Glamorgan’s Championship match against Nottinghamshire at Trent Bridge in 1985 saw a remarkable all-round performance by Rodney Ontong. In 1983 the South African-born all-rounder had changed bowling styles from pace to spin. He proved to be a prodigious spinner of the ball, claiming 74 wickets in 1984, during which he also took over the captaincy of a struggling Glamorgan side. The following year he produced a truly astonishing performance with an innings of 130 and 13 wickets in the match against Nottinghamshire to record one of the finest all-round efforts by a Glamorgan player.
Nottinghamshire had begun quite promisingly in their first innings, and entering the final half-hour on a rain-affected day, their score was 150-2, with captain Clive Rice leading the way with a brisk 63. But Rodney Ontong took four wickets in five dramatic overs, and all without conceding a run, as Nottinghamshire dramatically collapsed to 171-7.
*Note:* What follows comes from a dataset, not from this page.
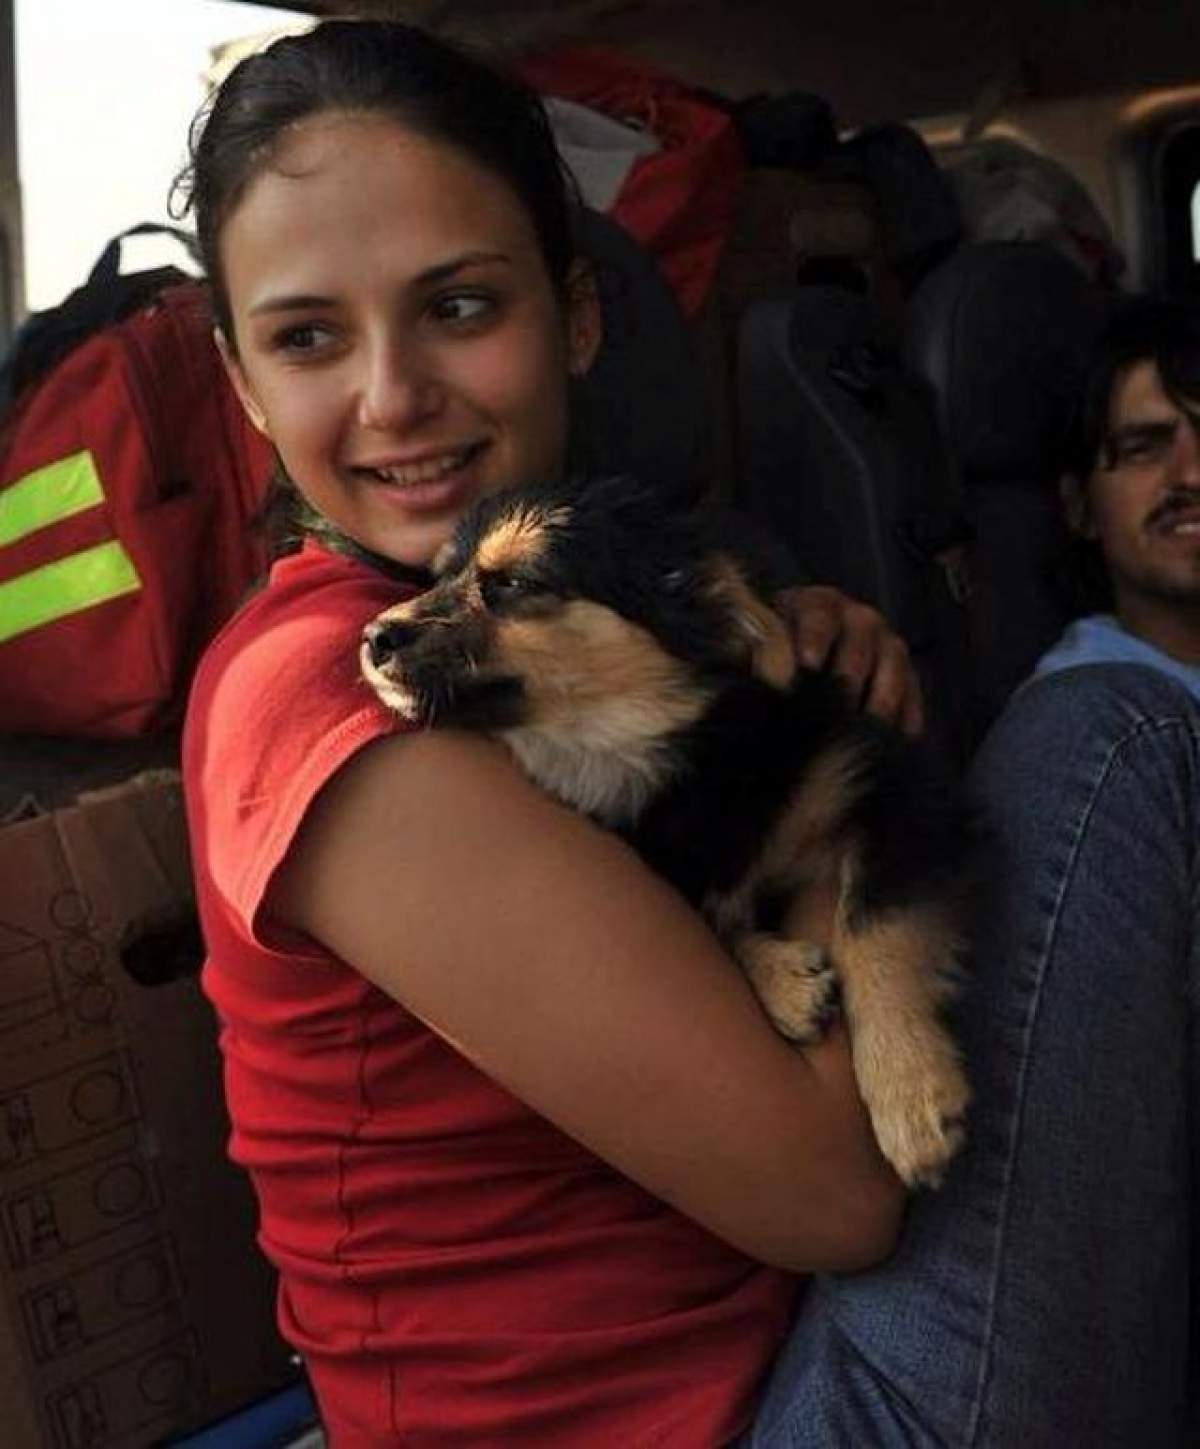 Povestea emoţionantă a Luanei: Visa să aibă propriul cabinet veterinar, dar a murit cu o zi înainte să împlinească 27 de ani

They added only a further 27 runs on the second morning, before the Glamorgan batsmen produced an almost copybook performance as their opponents. After Alan Lewis Jones and John Hopkins gave the Welsh side a solid start, the home spinners, Eddie Hemmings and Peter Such, reduced Glamorgan 81-4. But Rodney Ontong then made a memorable century, scoring 130 in 247 minutes. The Glamorgan captain was completely untroubled, hitting one six and 14 fours, as he counter-attacked in tandem with uncapped batsman, Matthew Maynard.
The young number six had scored a scintillating century on his county debut in the previous game at Swansea against Yorkshire, and the rookie batsman gave another uninhibited display of strokeplay , hitting ten crisp boundaries, before he was yorked by seamer Andy Pick off the last ball of the afternoon`s play. But it was only a temporary respite for the Nottinghamshire bowlers as Terry Davies and Mark Price gave Ontong further support as the Glamorgan captain reached a well deserved century.
With a deficit on first innings of 131, the Nottinghamshire openers took the score to 59-0 before a dramatic collapse took place as Ontong claimed eight wickets whilst just another 61 runs were added. Wickets fell through tentative prods and indiscreet swipes against the turning balls from the Glamorgan captain. Ontong finished with match figures of 13/106, and quite fittingly, his name went into the notebooks of the England selectors. In 1987 he came very close to selection in England`s World Cup party, but in August 1988 his fine career came to an abrupt end when he badly damaged his knee in a car crash en route to a game in Northamptonshire.